Because Chutes runs on decentralized compute, cold-start and tail latency vary more than on dedicated providers. Configure an OpenAI or Anthropic key as Fallback so Kodus can fail over when a node is slow or the monthly cap is hit.

Option 2 — Self-hosted (environment variables)

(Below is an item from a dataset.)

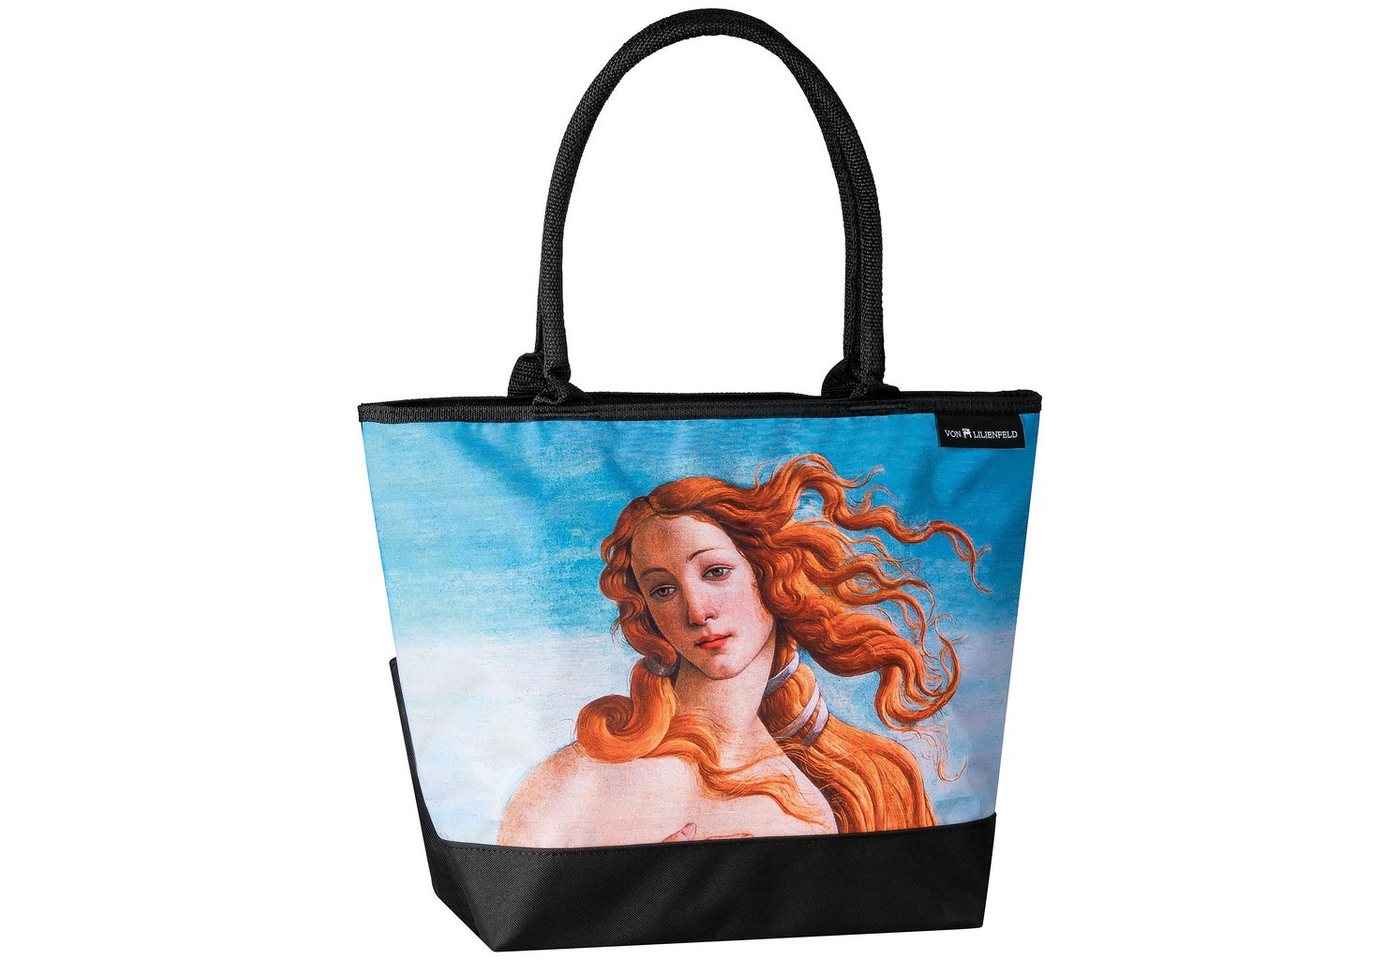 von Lilienfeld Handtasche Tasche mit Kunstmotiv Sandro Botticelli Geburt der Venus Shopper, besonders strapazierfähig, leicht von von Lilienfeld
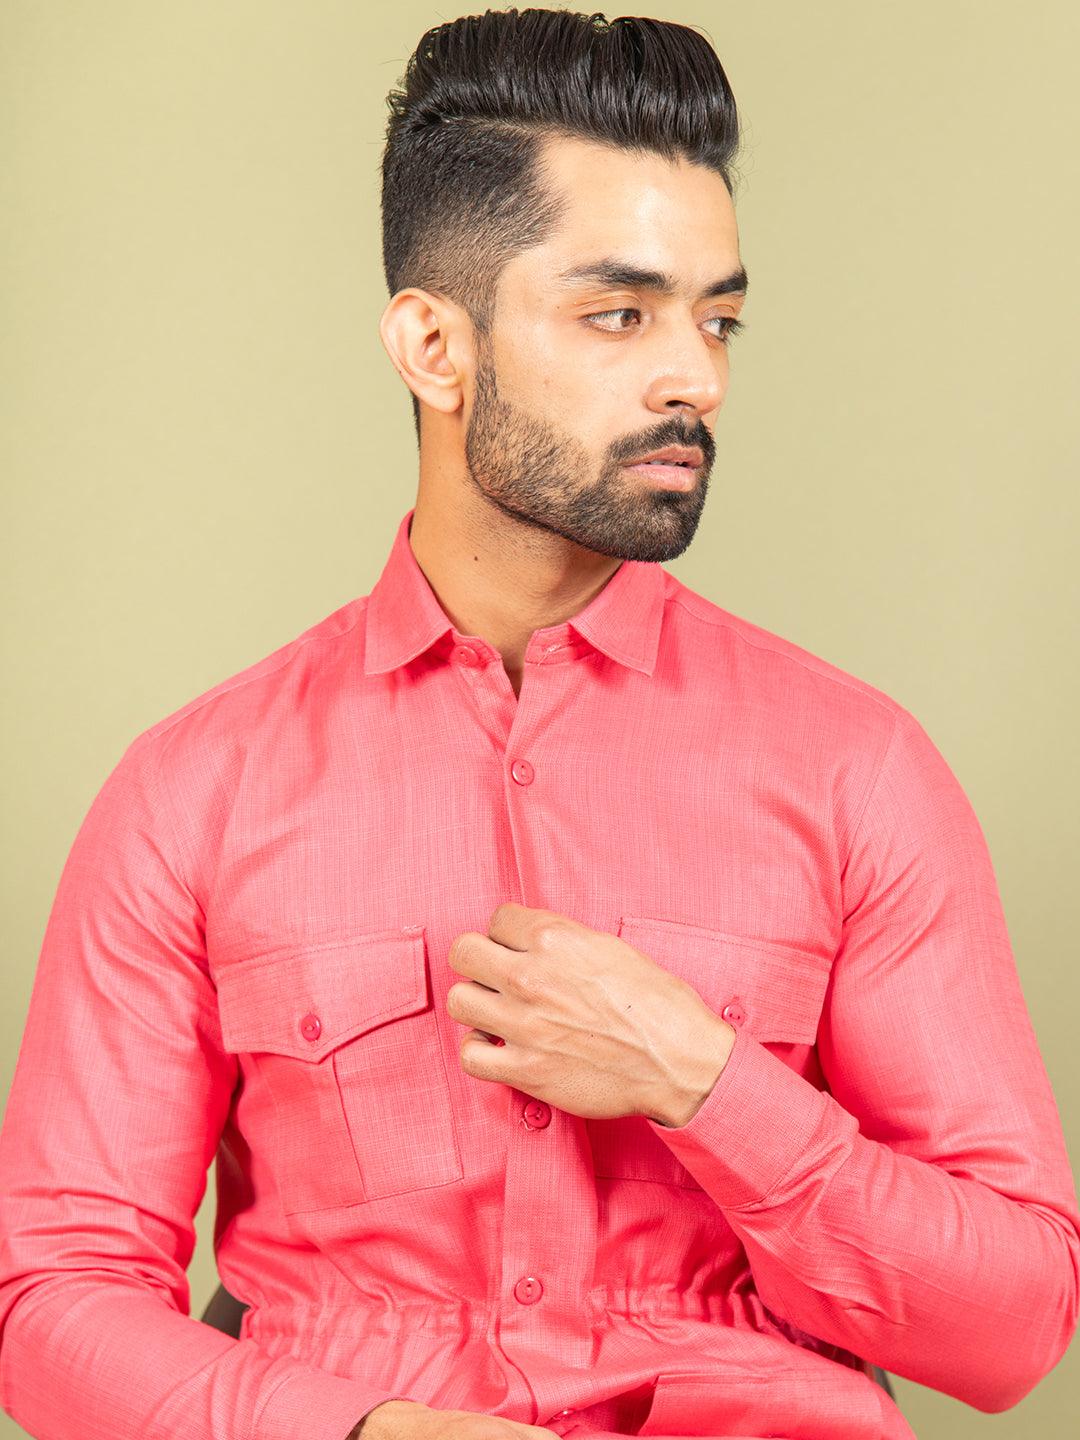 Pink Orion 4 Pocket Linen Shirt - Tistabene

If you run Kodus in Fixed Mode (single global provider, no per-org BYOK), configure Chutes in the .env of your API + worker containers:
# Chutes configuration (Fixed Mode)
API_LLM_PROVIDER_MODEL="deepseek-ai/DeepSeek-V3-0324-TEE"   # any model id from the catalog
API_OPENAI_FORCE_BASE_URL="https://llm.chutes.ai/v1"
API_OPEN_AI_API_KEY="your-chutes-api-key"
This path is only needed for self-hosted Kodus installs that deliberately disable BYOK. If BYOK is enabled on your self-hosted instance, prefer Option 1 — the UI-based flow is the same as on Cloud.
Restart the API and worker containers after editing .env, then verify:
docker-compose logs api worker | grep -iE "chutes|llm\.chutes"
For the full self-hosted setup (domains, security keys, database, webhooks, reverse proxy), follow the generic VM deployment guide and only swap the LLM block for the one above.

When to pick Chutes

  • You want the broadest open-source catalog at a subscription price — frontier DeepSeek / MiniMax / Qwen at a flat fee with predictable caps.
  • You care about confidential compute — Chutes offers -TEE variants that run inside trusted execution environments, useful if your compliance posture requires it.
  • You’re running at low-to-mid volume and fit within the 5× PAYG cap of a cheap tier.
Pick Synthetic instead if you want a simpler flat subscription with no per-model cap math. Pick Z.AI if your preferred model is the GLM family specifically.

Troubleshooting

  • Frontier models (DeepSeek V3, MiniMax M2.1, some Qwen variants) are gated to the Standard tier and above since Feb 2026.
  • Either upgrade, or pick a model available on your current tier (smaller Llama or Qwen variants).
  • Check current usage in the Chutes dashboard.
  • Switch temporarily to a cheaper model to extend the cap, or upgrade tier.
  • Configure a Fallback BYOK provider so reviews keep running while you’re capped.
  • Confirm the key is active in the Chutes dashboard and the subscription is current.
  • Make sure there are no trailing spaces or quotes in the .env value.
  • Chutes uses the org/model format, with some variants ending in -TEE (confidential compute). Double-check exact capitalization at llm.chutes.ai/v1/models.
  • Chutes runs on decentralized compute, so tail latency is higher than on dedicated clouds.
  • For latency-sensitive reviews, prefer dedicated providers; reserve Chutes for overnight or batch review jobs, or configure a fast provider as Main and Chutes as Fallback.
  • Confirm your server can reach llm.chutes.ai.
  • Review API and worker logs for the exact upstream error.